OAKLAND, CALIFORNIA – A historic fight over whether Oakland can reform its own police force began in earnest Thursday when civil rights attorneys asked a federal judge to take the unprecedented step of appointing a receiver to assure the changes are made.
The attorneys said a broken culture in the department had turned a decade-long reform effort into a “chronic failure,” endangering citizens – especially minorities – and costing the city tens of millions of dollars to settle police abuse lawsuits.
The lawyers represented more than 100 people who sued the city after four officers, who called themselves the Riders, were accused in 2000 of imposing vigilante justice in West Oakland. In a resulting settlement, Oakland had to implement a raft of reforms – which remain incomplete.
“A receiver is now required to do what city and (Oakland Police Department) officials have refused to do,” wrote John Burris, James Chanin and Julie Houk, in a 57-page motion to U.S. District Judge Thelton Henderson.
“There can be little doubt that further extensions will result in more constitutional violations,” they wrote, “and cause injuries, and even death, to innocent human beings, including members of the OPD.”
Oakland officials, who have spent recent months trying to head off the prospect of federal intervention, disagreed sharply on Thursday. They said finishing the reforms was a top priority for the department, and full compliance was on the horizon.
“I think we have made significant progress,” Police Chief Howard Jordan, who assumed command last October after 23 years in the department, said in an interview. “I think we’re a much better department than we were 10 years ago.”
Jordan noted that the department has been a pioneer in some ways, such as requiring officers to record their actions on chest-mounted cameras and accepting anonymous complaints about officers to the internal affairs division.
Court-appointed receivers have run school districts, and Judge Henderson in 2005 appointed one to oversee medical care in California prisons. But no police department in the nation has ever answered to a receiver, and it is unclear exactly how such a move would play out.
Burris said in an interview that he wanted the receiver to drive home the reforms but not deploy officers to robberies and murder scenes.
Still, he said a receiver’s job in ensuring change “could have a wide-reaching impact that could stretch to other areas. We want the receiver to have the authority to determine, if necessary, the command staff of the department, including the chief.”
The potential impacts are a big concern for some City Council members, who worry that receivership could bust an already cash-strapped city budget. They said many city departments are operating with minimum funding, such as libraries, or surviving with reduced hours, such as senior centers.

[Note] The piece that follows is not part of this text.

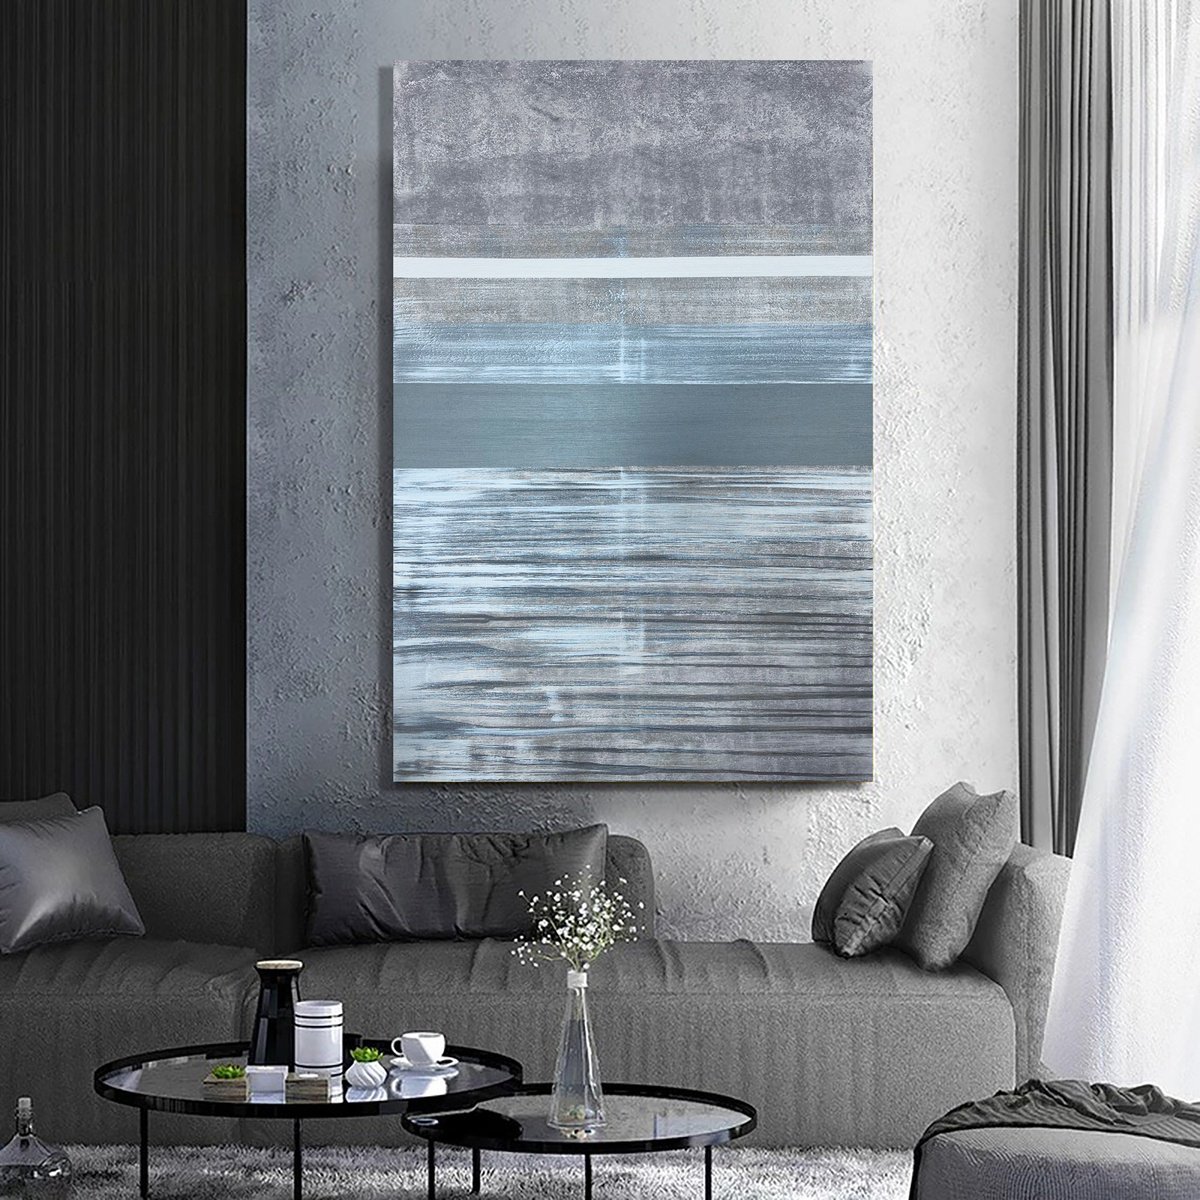 120x80cm Large Gray Abstract. Silver luxury. by Marina Skromova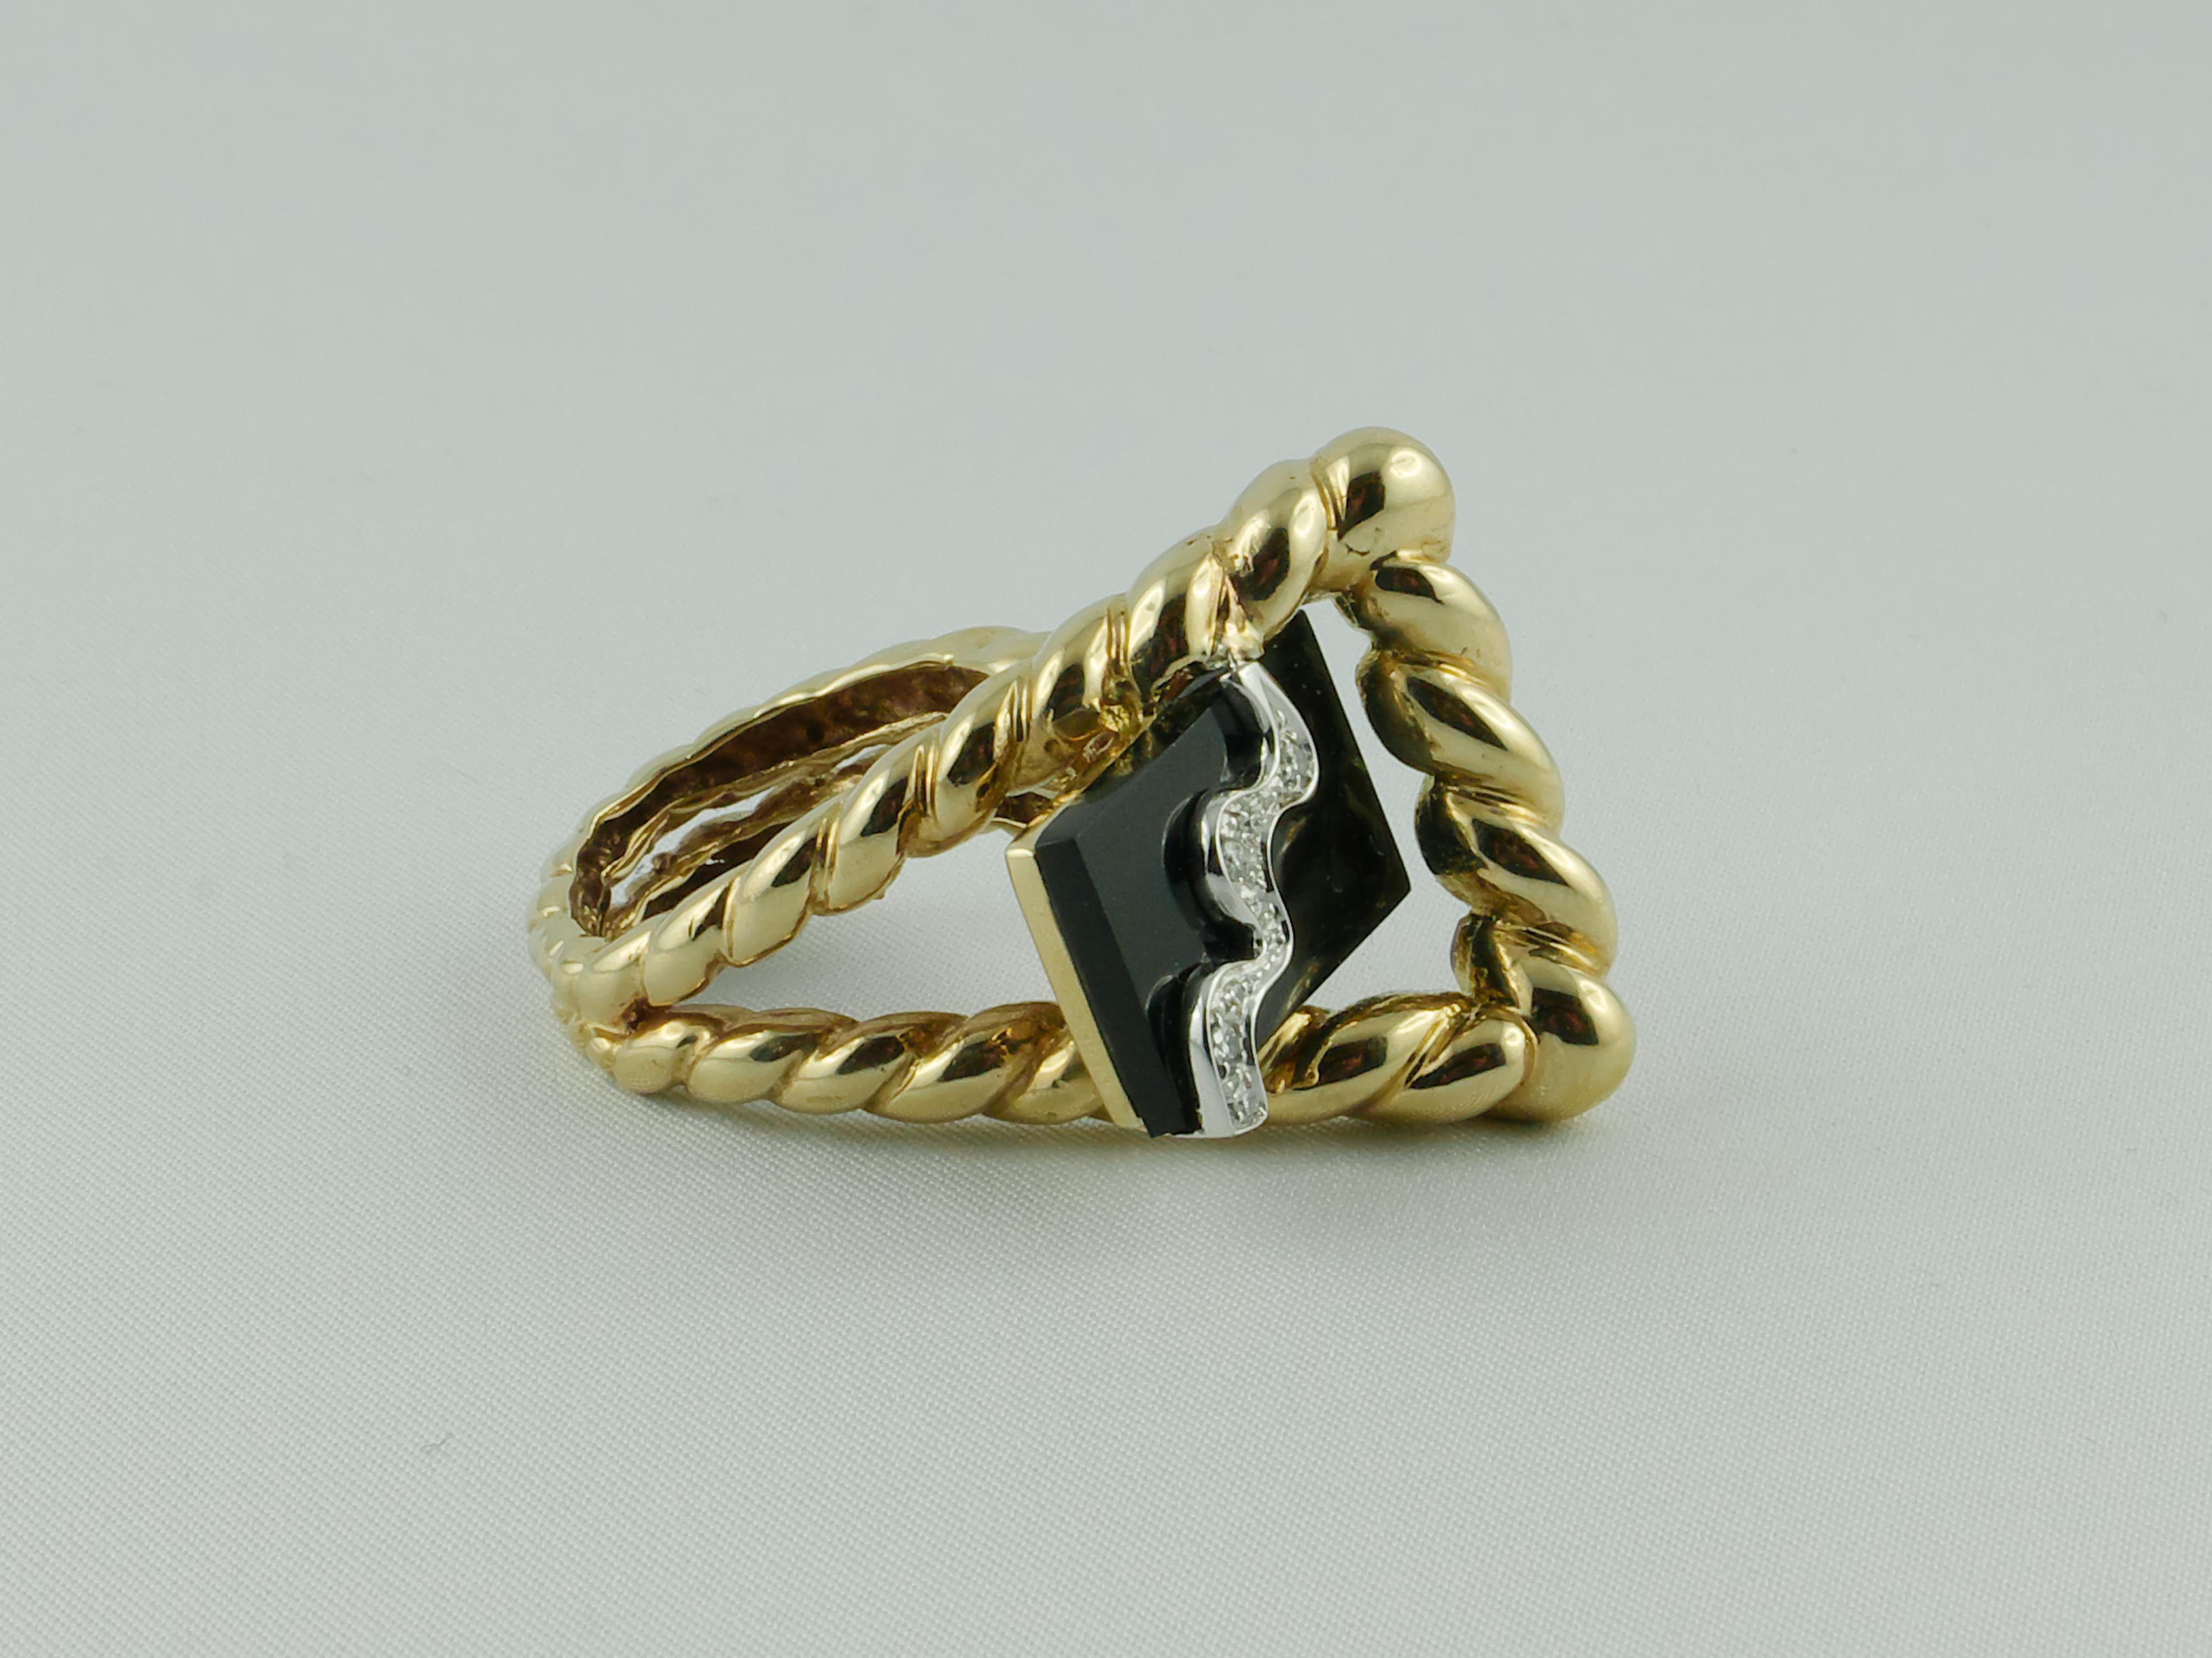 Attractive, unconventional and asymmetrical 1970s La Triomphe Onyx Gold and Diamond ring.     A Diamond wave motif adorns and enlights the top running through the Onyx element.  The shank has a slightly graduating fluted swirl design. The Onyx

A receiver, they said, would have the power to override council budget decisions. Those same libraries and senior centers might disappear to pay for the receiver, said Councilwoman Jane Brunner.
“The budget has no margin,” she said. “It has no extra revenue. you’d have to go in and cut something.”
Oakland’s reform effort has been overseen by two independent monitors appointed by the federal court, which ordered a batch of reforms in 2003. By the end of the first monitor’s seven-year tenure, the department had completed 32 reforms, leaving 22 to fulfill.
In a July report, the current monitor, Robert Warshaw, said the city needed to complete nine more reforms. They include gathering racial data on people stopped by officers and implementing a computerized early-warning system to identify officers prone to abuses.
City Attorney Barbara Parker said Thursday that the city was now in compliance with all but seven reforms, and that by December the department could be down to three.
But the civil rights attorneys said in their motion that less drastic measures than a receivership had failed. The lawyers said top city officials had “elevated political cover and petty personality conflicts above fostering the leadership and commitment necessary.”
Their motion said the police force had failed a “real life test” – clashes with Occupy protesters that led to an Iraq war veteran being critically wounded by a police beanbag, and to criticisms from a city-hired consultant.
Burris, Chanin and Houk also referred to a report by the monitor, released this week. It concluded that officers sometimes shoot at suspects even when they are not faced with a potentially lethal threat.
The attorneys said Oakland and its insurance carriers have paid out nearly $47 million to settle police abuse claims and lawsuits between 2002 and 2011. Meanwhile, the court-ordered monitors have cost the city more than $7 million.
Michael Rains, an attorney who represents the Oakland Police Officers’ Association, said rank-and-file officers agreed with the plaintiffs’ motion in one key area – that a chronic lack of leadership at the top of the department is the root cause of the failure to complete reforms.
“Right now our clients feel like they’re under siege by their own administration,” Rains said. “A mean-spirited, heavy-handed administration that has been more willing to deflect criticism and point down to the people who are dealing with the reality and vulgarity of violence on the streets of Oakland.”
Mayor Jean Quan said the city must complete the reforms not only to comply with the settlement, but “because these reforms are the right thing to do. They will strengthen the relationship between the police and community they serve, and give us a department
that is more effective and efficient at fighting Oakland crime.”
A hearing the receivership motion is scheduled for Dec. 13.